When light travels from a rarer (less optically dense) medium to a denser medium, such as from air to water or from air to glass, the path difference refers to the difference in the optical path length traveled by light rays entering the medium at different angles. This path difference is due to the change in the refractive index between the two media.
When light enters a denser medium, it undergoes refraction, which means it changes direction and its velocity decreases. The change in velocity is due to the change in the refractive index of the medium, which is a measure of how much the speed of light is reduced in that medium compared to its speed in a vacuum.
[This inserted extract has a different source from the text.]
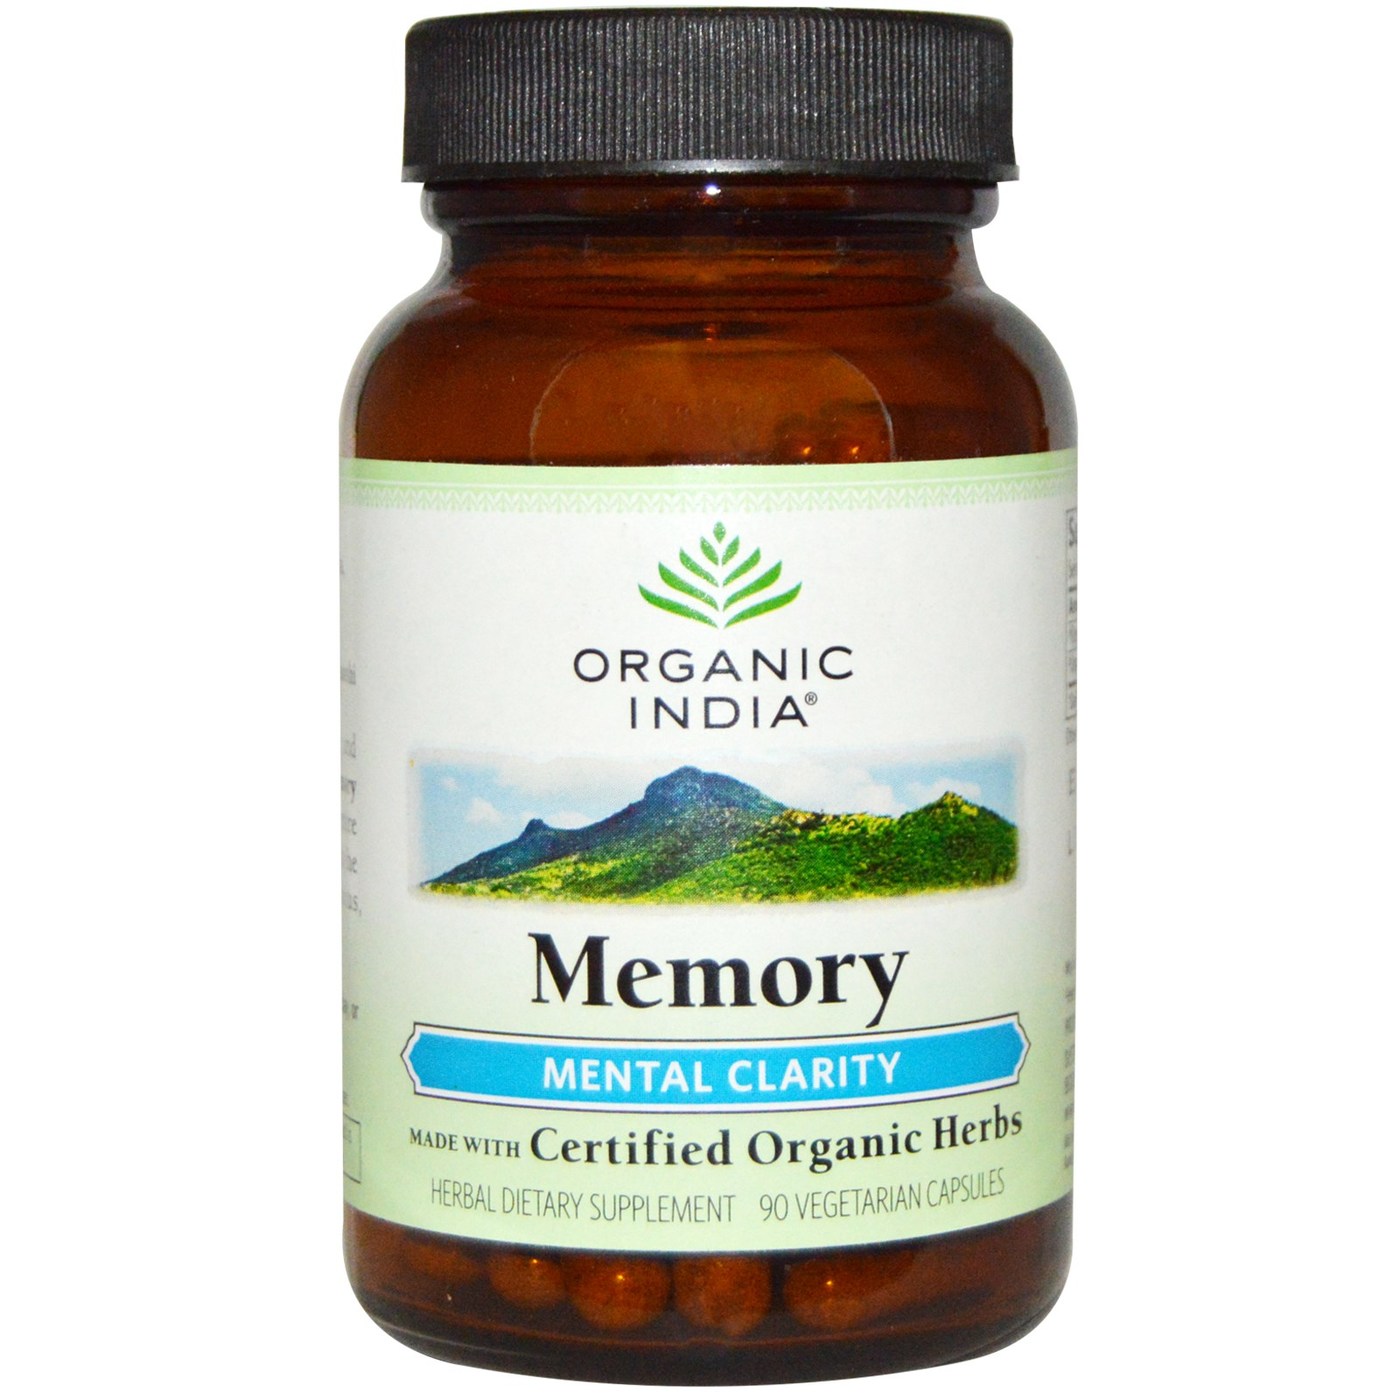 Organic India Memory Mental Clarity - 90 VCapsules - eVitamins.com
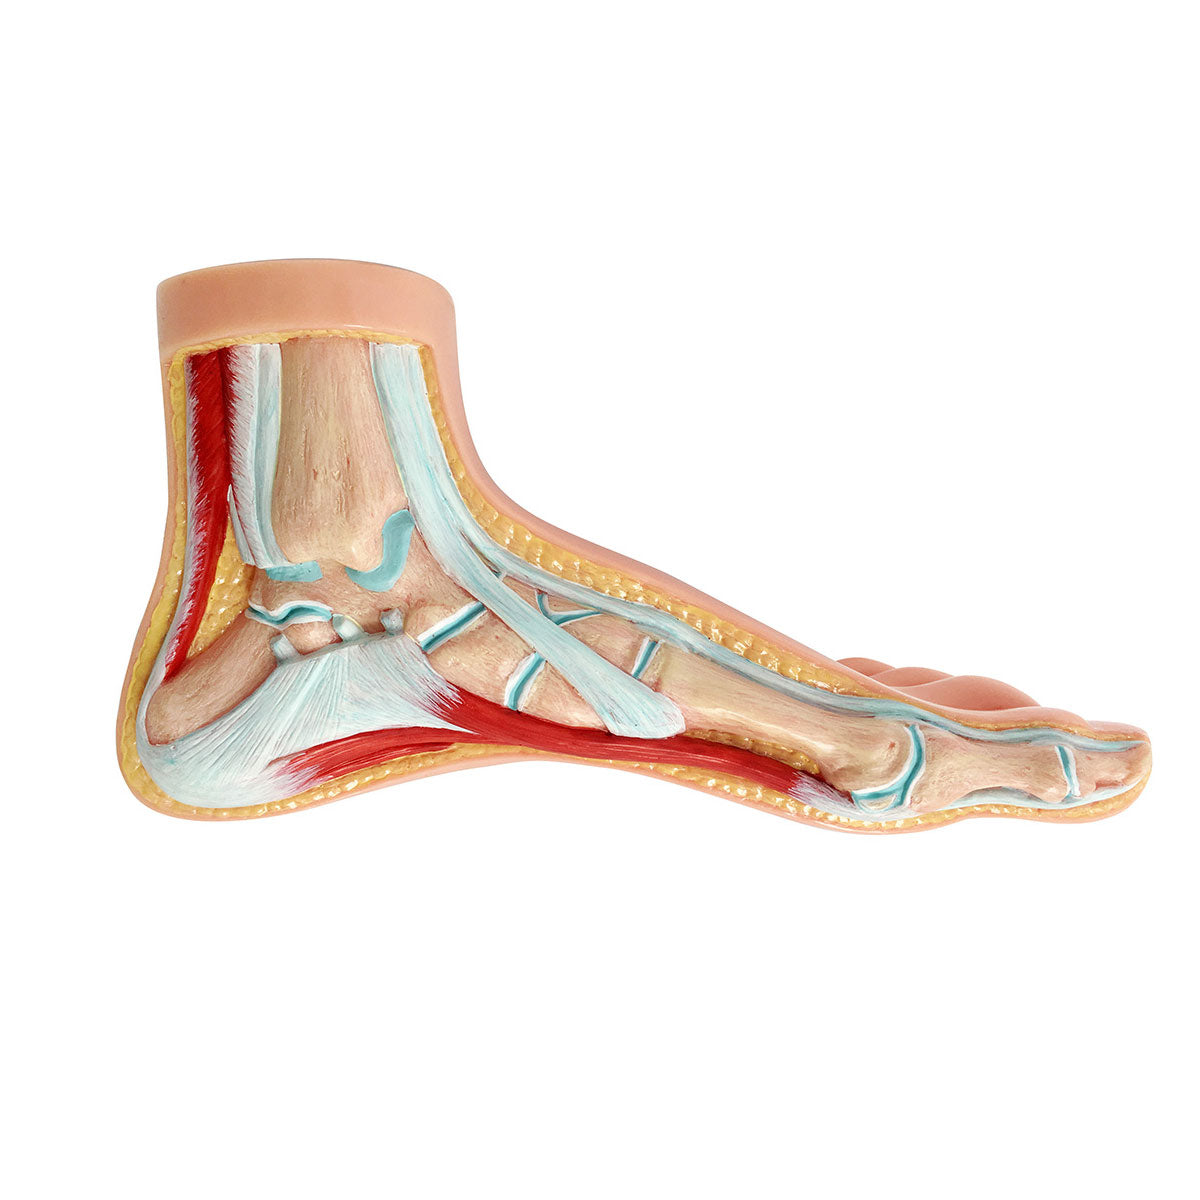 Evotech Scientific Podiatry normal foot Anatomy Models

The path difference can be calculated using Snell's law, which relates the angles of incidence and refraction to the refractive indices of the two media. Snell's law is given by:
n1 * sin(theta1) = n2 * sin(theta2)
where:
- n1 and n2 are the refractive indices of the initial (rarer) and final (denser) mediums, respectively.
- theta1 and theta2 are the angles of incidence and refraction, respectively.
The path difference is the difference in distance traveled by two light rays that enter the medium at different angles but meet at a common point. This path difference can lead to various optical phenomena, such as refraction, reflection, or interference, depending on the specific circumstances and the angle of incidence.
It's important to note that the path difference refers to the difference in optical path length, not the geometric distance traveled by the light. The optical path length takes into account the refractive index of the medium and is given by the product of the geometric distance and the refractive index.